Dataform can be installed via Node:

npm i -g @dataform/cli

Create new project

To create a new project in the folder new_project:

dataform init new_project --warehouse bigquery

Currently supported warehouse types are [bigquery, redshift, snowflake, postgres]

Project structure

The default project structure is as follows:

project-dir
├── definitions
├── includes
├── package.json
└── dataform.json

Define a table

The definitions/ directory contains files that define tables, assertions, and operations.
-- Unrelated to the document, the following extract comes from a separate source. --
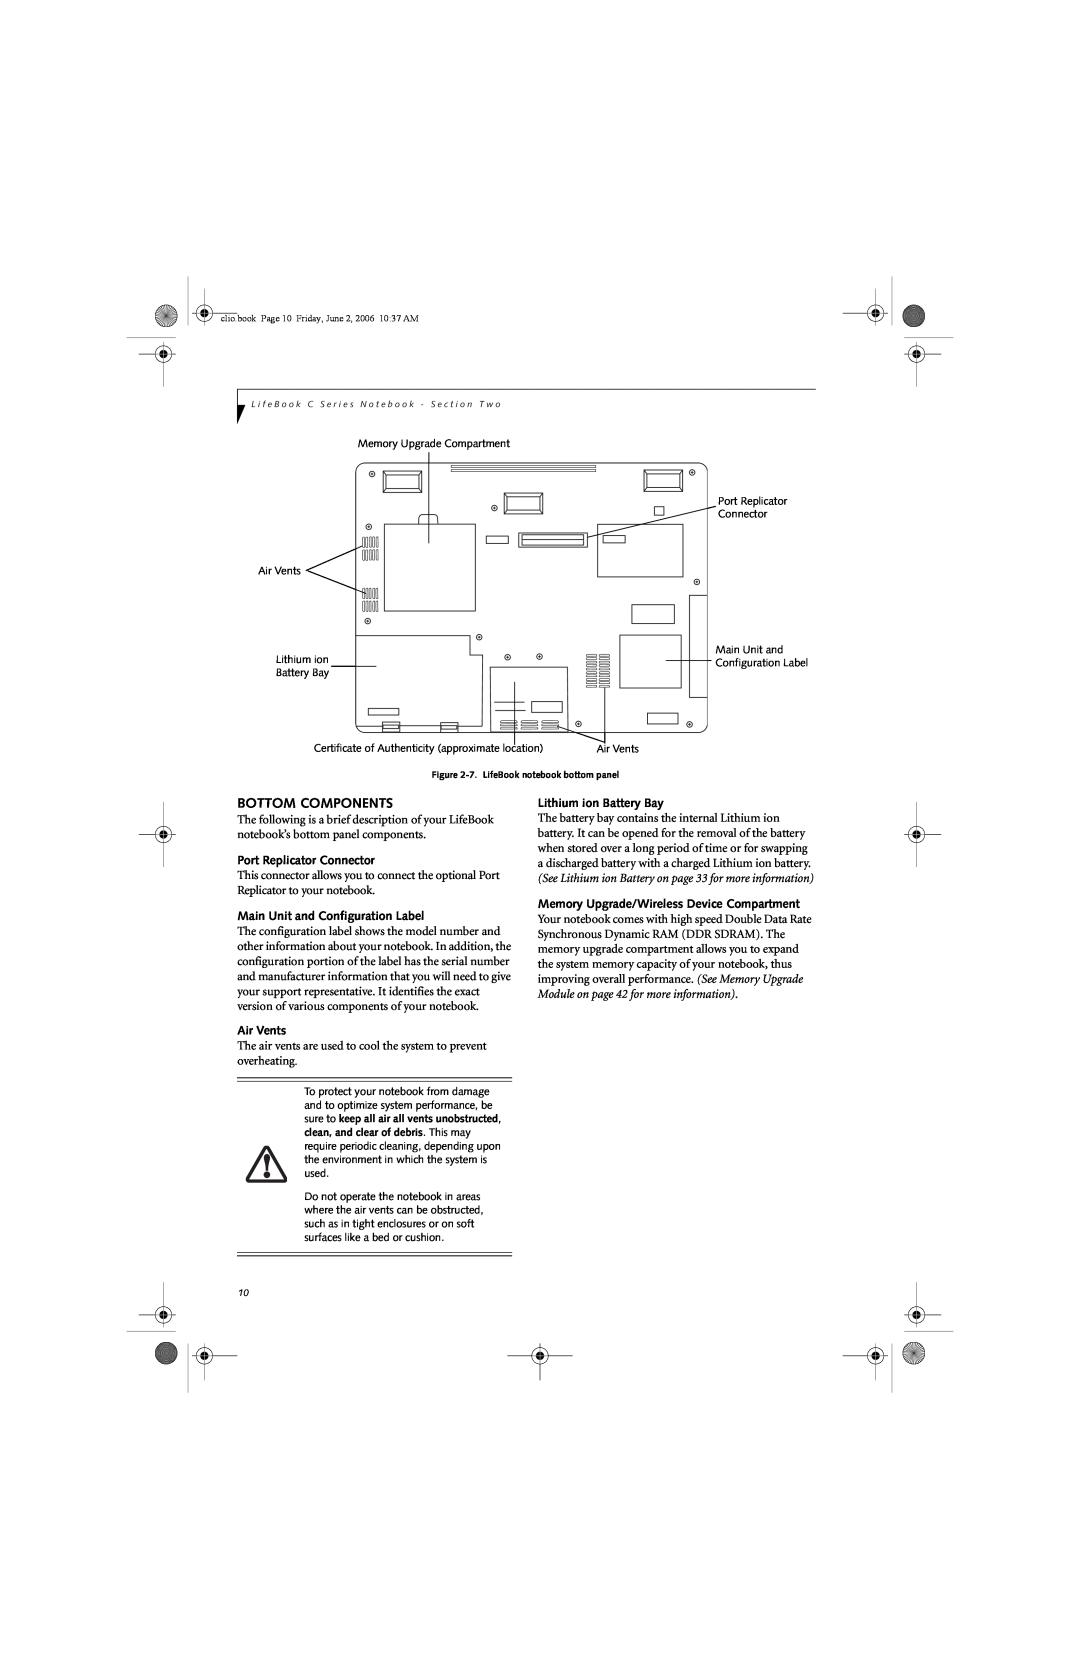 Fujitsu C1410 manual Bottom Components, Port Replicator Connector, Main Unit and Configuration Label, Air Vents 
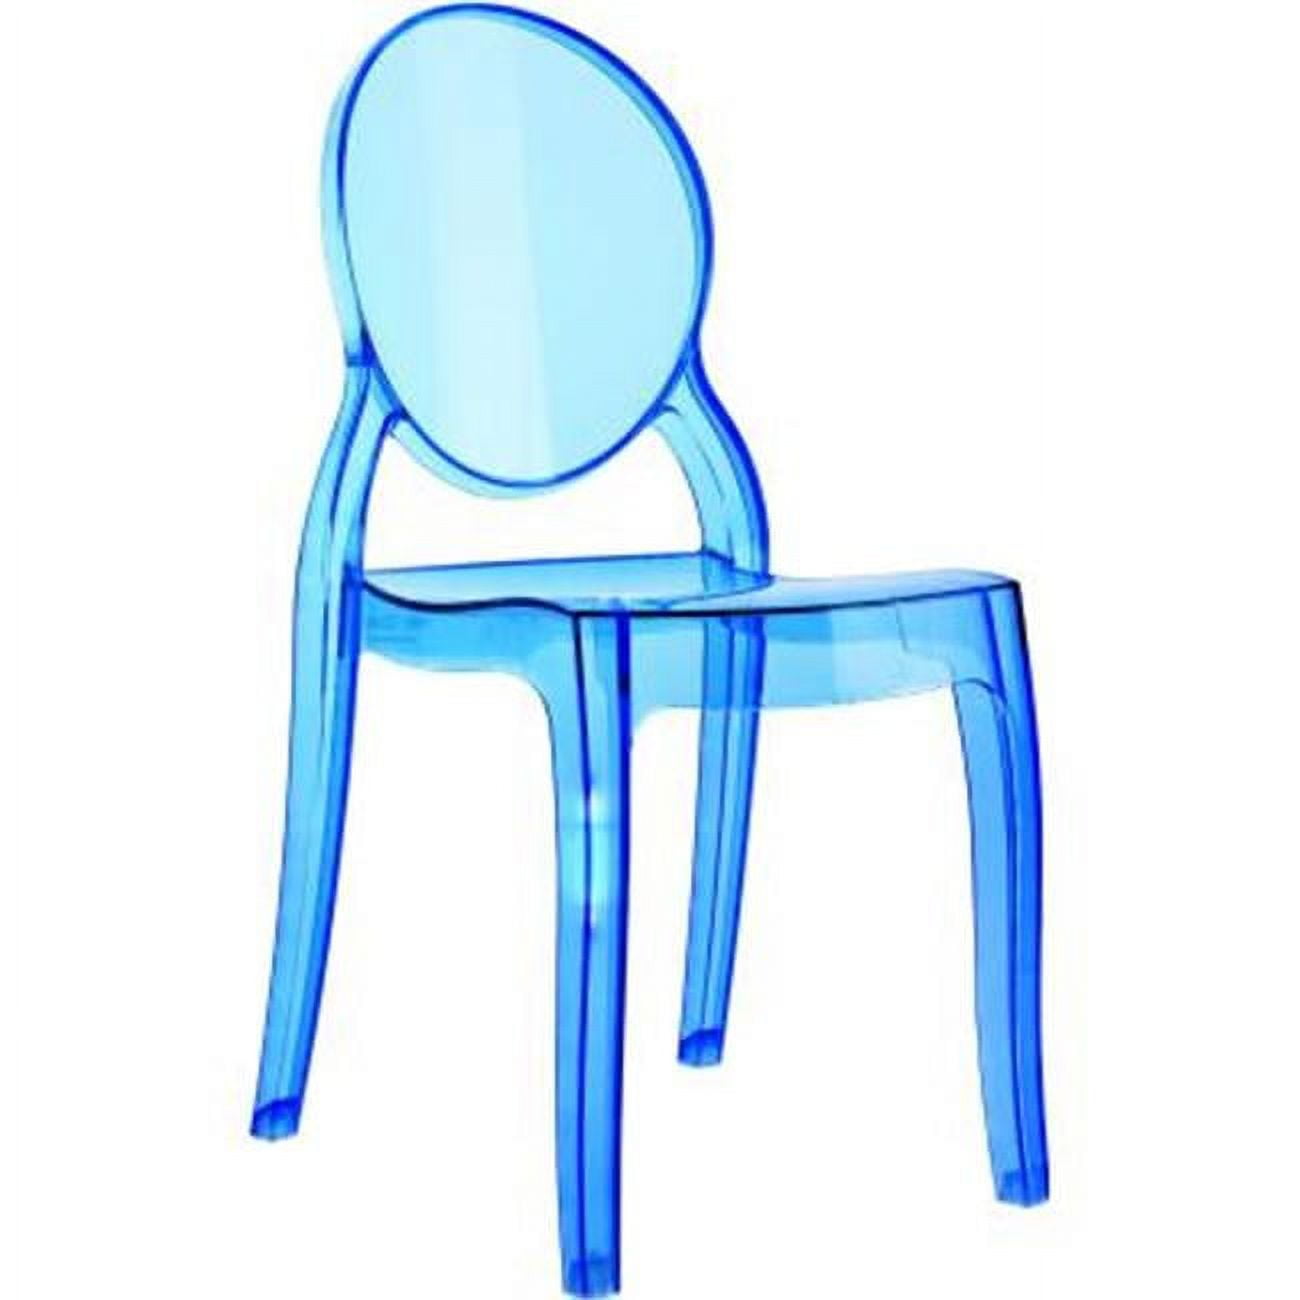 Baby Elizabeth Kids Chair, Transparent Blue

To create a new table, create a new file such as definitions/simplemodel.sql with the following contents:

select 1 as test

Compile project

To check everything has worked, run the following command at the root of your project directory to get JSON dump of the compiled project:

dataform compile

You should see output along the lines of:

{
  "tables": [
    {
      "name": "simplemodel",
      "type": "view",
      "target": {
        "schema": "dataform",
        "name": "simplemodel"
      },
      "query": "select 1 as test
",
      "parsedColumns": [
        "test"
      ],
      "fileName": "definitions/simplemodel.sql"
    }
  ]
}

Dry run

We can take this a step further and see exactly what statements and graph will be run, by executing the following:

dataform build

You should see something similar to the following:

{
  "nodes": [
    {
      "name": "simplemodel",
      "tasks": [
        {
          "statement": "create or replace view `dataform.simplemodel`
           as select * from (select 1 as test)"
        }
      ]
    }
  ]
}

Create a profile

A profile defines the connection parameters to your warehouse.

TODO

Run project

If you are happy with the statements that will be executed, you can execute them against your data warehouse, by providing the path to your profile.json file created in the previous step.

dataform run --profile=<path-to-profile.json>